ESTADO EMOCIONAL COMPROMETIDO
Uma condição frequente na população, entretanto pouco comentada, ainda mais ao pensarmos sobre seu impacto na qualidade da vida sexual, é a incontinência urinária
A incontinência urinária se constitui em um problema de saúde pública, em especial na população feminina. Estima-se nos Estados Unidos que a prevalência de incontinência urinária ocorra em cerca de 15% das mulheres. Em relação à faixa etária, ela pode afetar pessoas com 30 anos de idade ou mais, muito embora seja mais comum após os 40 anos, e significativamente mais elevada entre os 50 e 69 anos de idade; outros países referem índices semelhantes, inclusive no nosso. Sua evolução costuma ser acompanhada por sequelas emocionais e sociais importantes.
Em linhas gerais a incontinência urinária pode ser classificada em:
INCONTINÊNCIA URINÁRIA DE ESFORÇO: perda involuntária de urina durante esforço físico como tossir, espirrar e outras atividades que elevem a pressão abdominal.
BEXIGA HIPERATIVA IDIOPÁTICA: perda involuntária de urina precedida de forte desejo de urinar.

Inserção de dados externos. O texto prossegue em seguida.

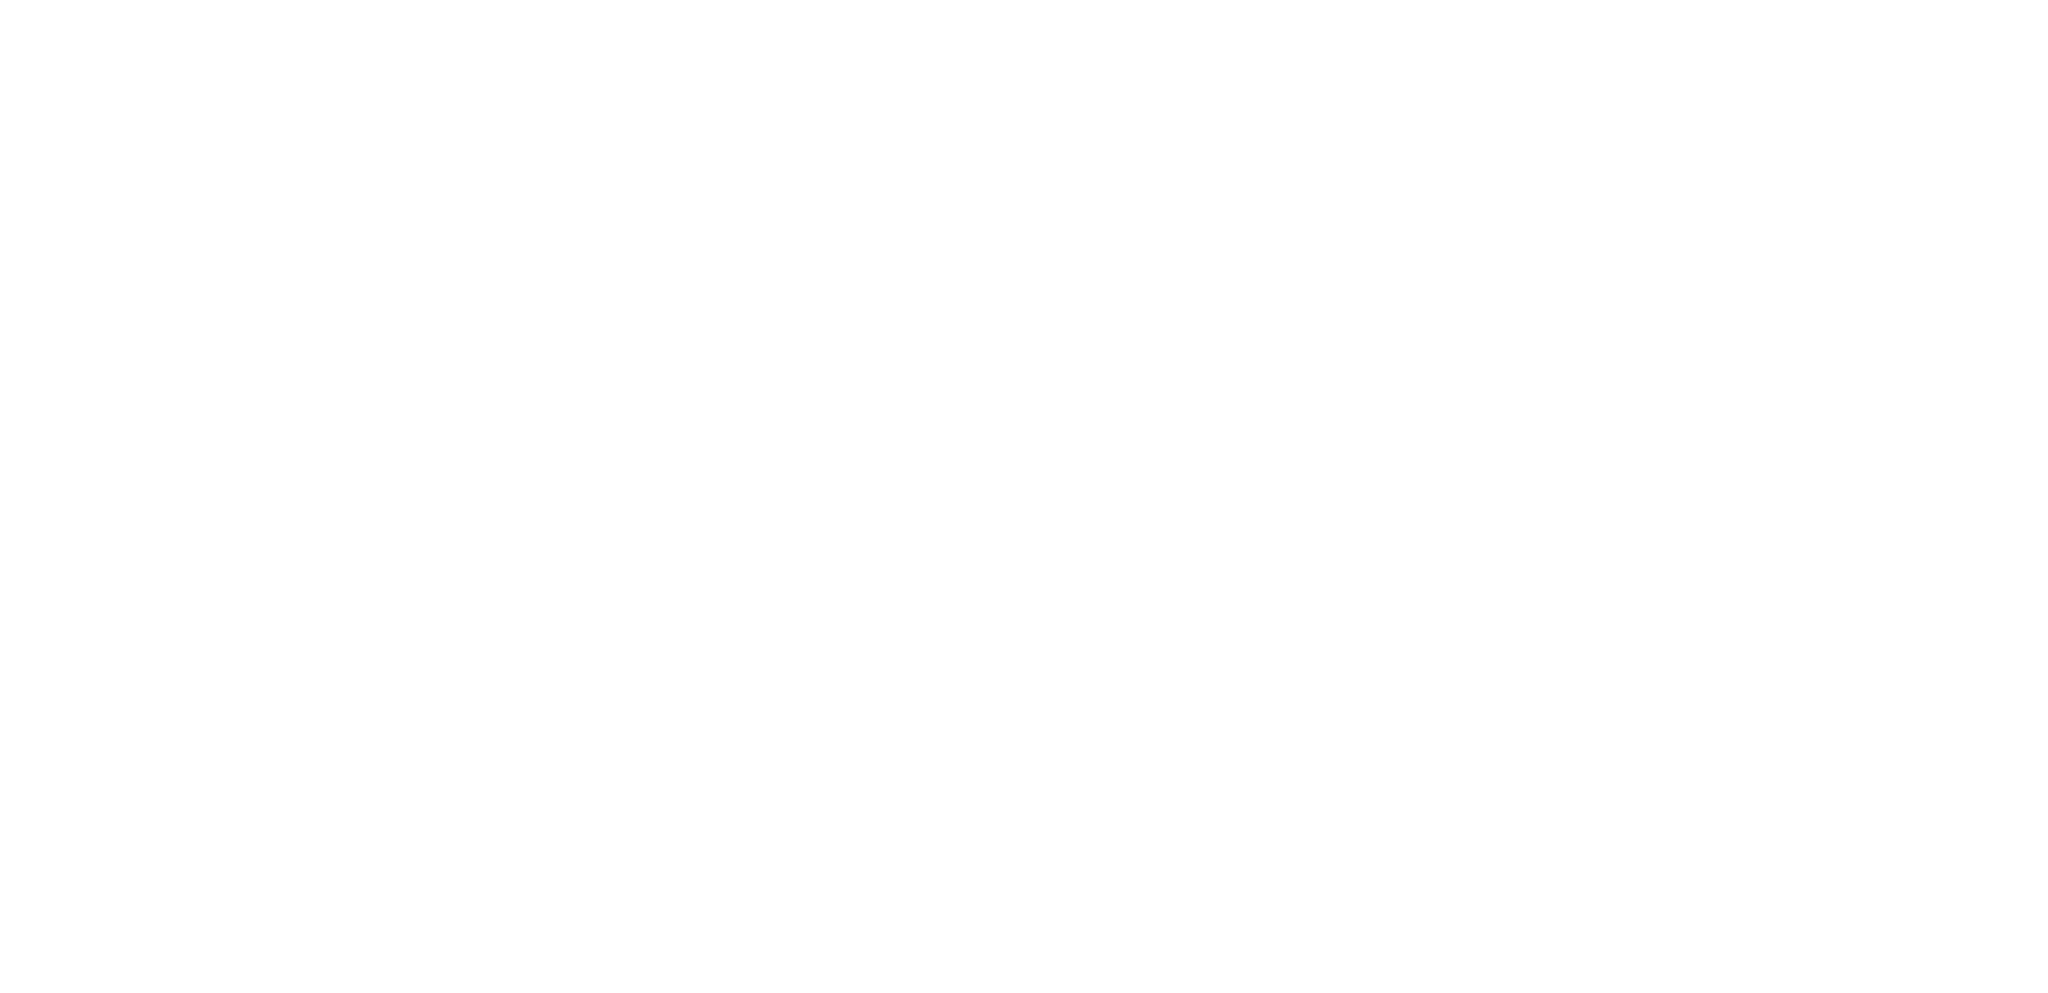 Myalcolzero
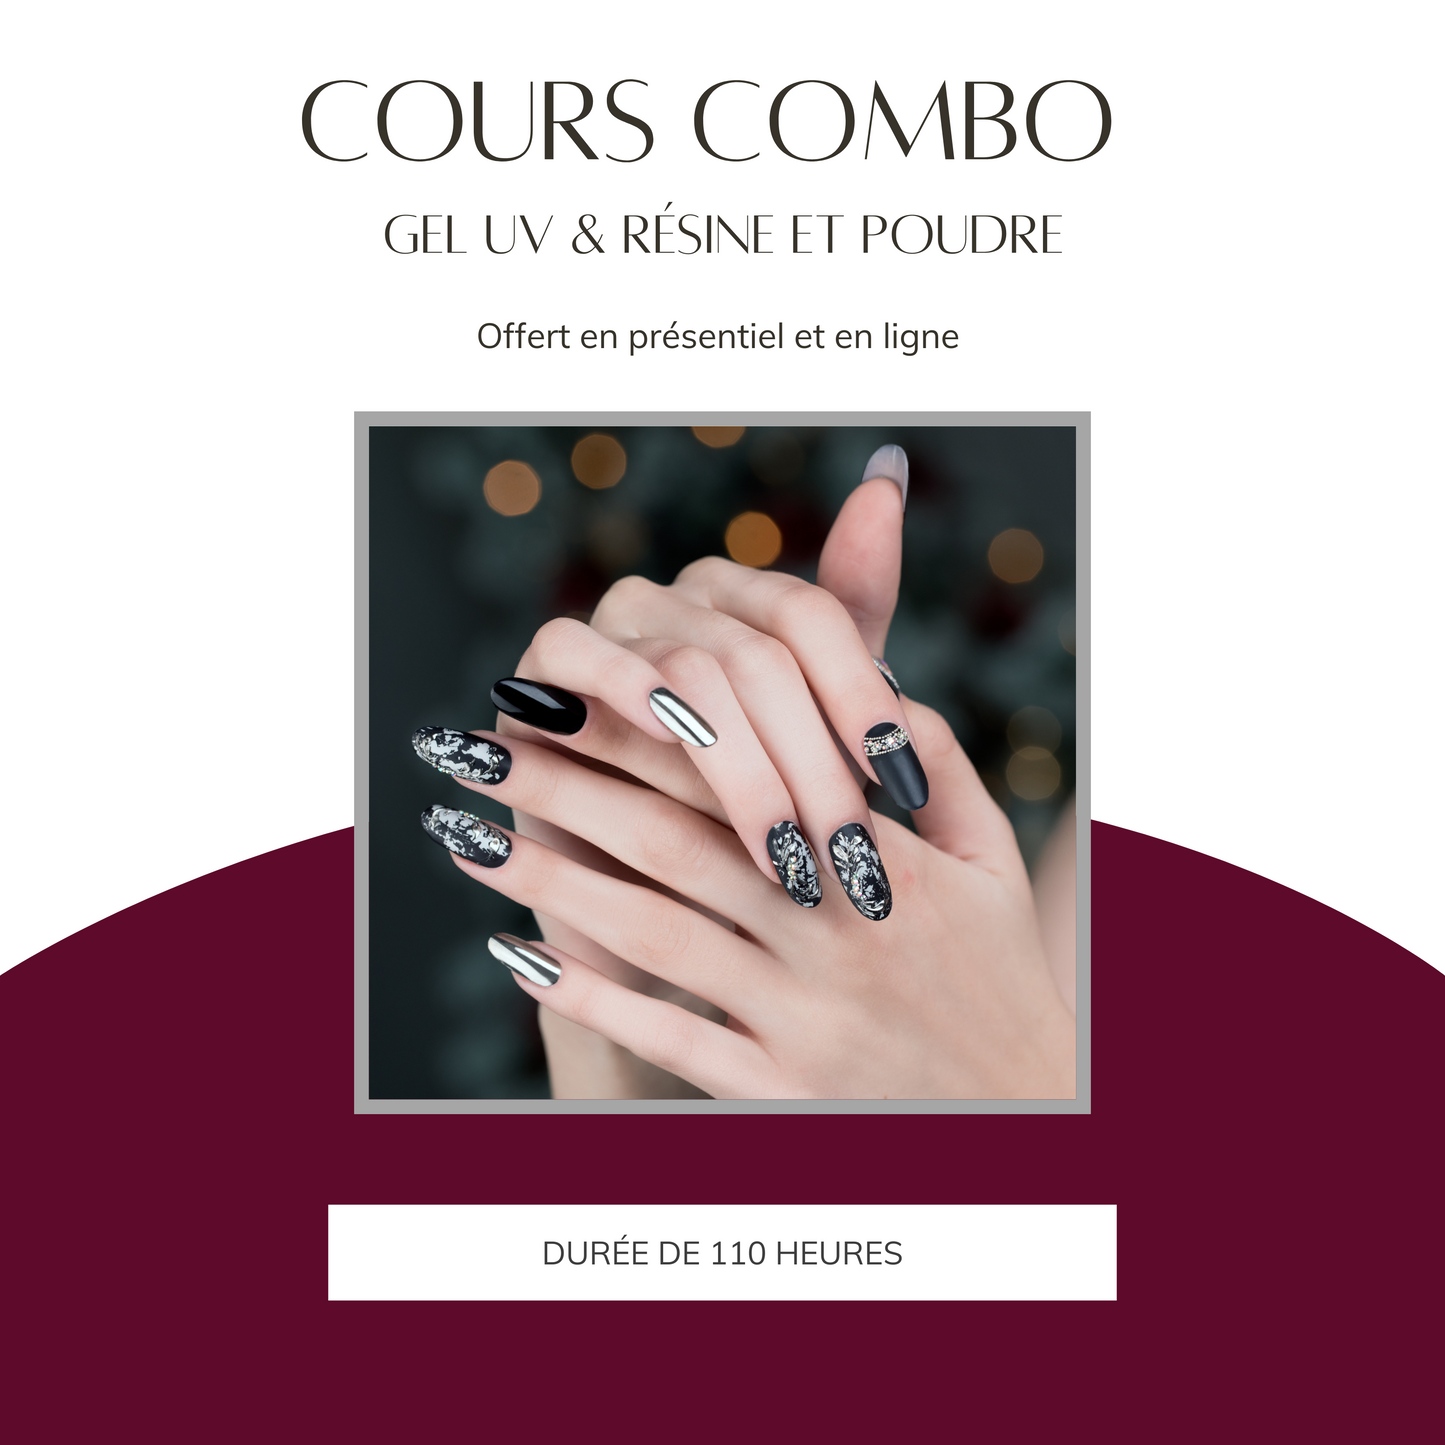 Cours Combo Gel Uv & Résine et Poudre (6726928465986)

INCONTINÊNCIA MISTA: aquela que combina os sintomas citados anteriormente. A incontinência urinária de esforço é a que tem sido mais relatada e em consequência diagnosticada. Estudos comentam que episódios de incontinência urinária também estão associados à menopausa, obesidade, doenças crônicas, tabagismo e sedentarismo.
Avanços têm ocorrido para a melhor compreensão dessa condição, suas causas, diagnóstico e terapêutica. Embora muitas mulheres sofram por apresentarem queixas de perdas urinárias, somente um quarto delas procura tratamento. A maioria alega sentimentos de vergonha e medo, como sendo os responsáveis por não procurarem tratamento especializado, tanto em fases inicias da perda urinária como nas mais avançadas, nas quais a perda atinge proporções que geralmente causam grande desconforto. As razões para não procurar tratamento para a incontinência urinária têm sido assim descritas: não considerar a perda urinária séria ou anormal, acreditar que a queixa faz parte do processo natural com o avançar da idade, baixa expectativa de existir um tratamento adequado, pouco conhecimento sobre o assunto, carência de centros de saúde disponíveis e capa- citados no manejo dessa problemática, e como procurar ajuda.
Apesar do impacto da incontinência urinária na qualidade de vida não estar diretamente relacionado ao grau da perda urinária, estudos demonstram que mulheres com menor perda têm melhor tolerância com essa situação. Os sintomas urinários podem ser perturbadores, tanto é que essa condição é frequentemente mencionada em estudos que avaliam a qualidade de vida. As alterações provocadas pela incontinência urinária podem repercutir em diversos setores da vida das mulheres, por exemplo: trabalho, relacionamento familiar e com a parceria, prática esportiva, atividades de lazer, entre tantos outros.
A relação entre doenças crônicas e/ ou situações de sofrimento prolongado com o humor e a autoestima é amplamente discutida, e essa associação pode interferir no ciclo de resposta sexual normal, acarretando em disfunções sexuais. O mesmo pode acontecer nas mulheres com incontinência urinária, ou seja, a sua correlação com sintomas depressivos.
Além de os sintomas da incontinência urinária interferirem diretamente na qualidade do sono, a sua existência é acompanhada por sentimentos de vergonha, diminuição da autoconfiança e autoestima – emoções essas comentadas pela maioria das mulheres com queixas de perda urinária. Esses sentimentos refletirão no psiquismo como um todo, portanto a disponibilidade para o engajamento em uma atividade sexual estará comprometida, e não é incomum ouvirmos das pacientes que o desejo sexual e práticas sexuais como a masturbação estão afetados.
Com a finalidade de diminuir as perdas acidentais de urina, muitas mulheres passam a adotar comportamentos de esquiva social; do mesmo modo, não é incomum no relato das pacientes com perdas urinárias mais pronunciadas atitudes de evitar o contato sexual, em decorrência do receio de uma possível situação de constrangimento durante o ato sexual.
É notório que os aspectos emocionais e de relacionamento estão envolvidos na gênese das disfunções sexuais, mas cada mais vez evidências demonstram que as disfunções sexuais femininas estão relacionadas a problemas de origem orgânica, uma vez que a resposta sexual saudável depende da interação entre diversos fatores, como vasculares, neurogênicos, musculares e hormonais.
GIANCARLO SPIZZIRRI – é psiquiatra doutorando pelo Instituto de Psiquiatria (IPq) da Faculdade de Medicina da USP, médico do Programa de Estudos em Sexualidade (ProSex) do IPq e professor do curso de especialização em Sexualidade Humana da USP.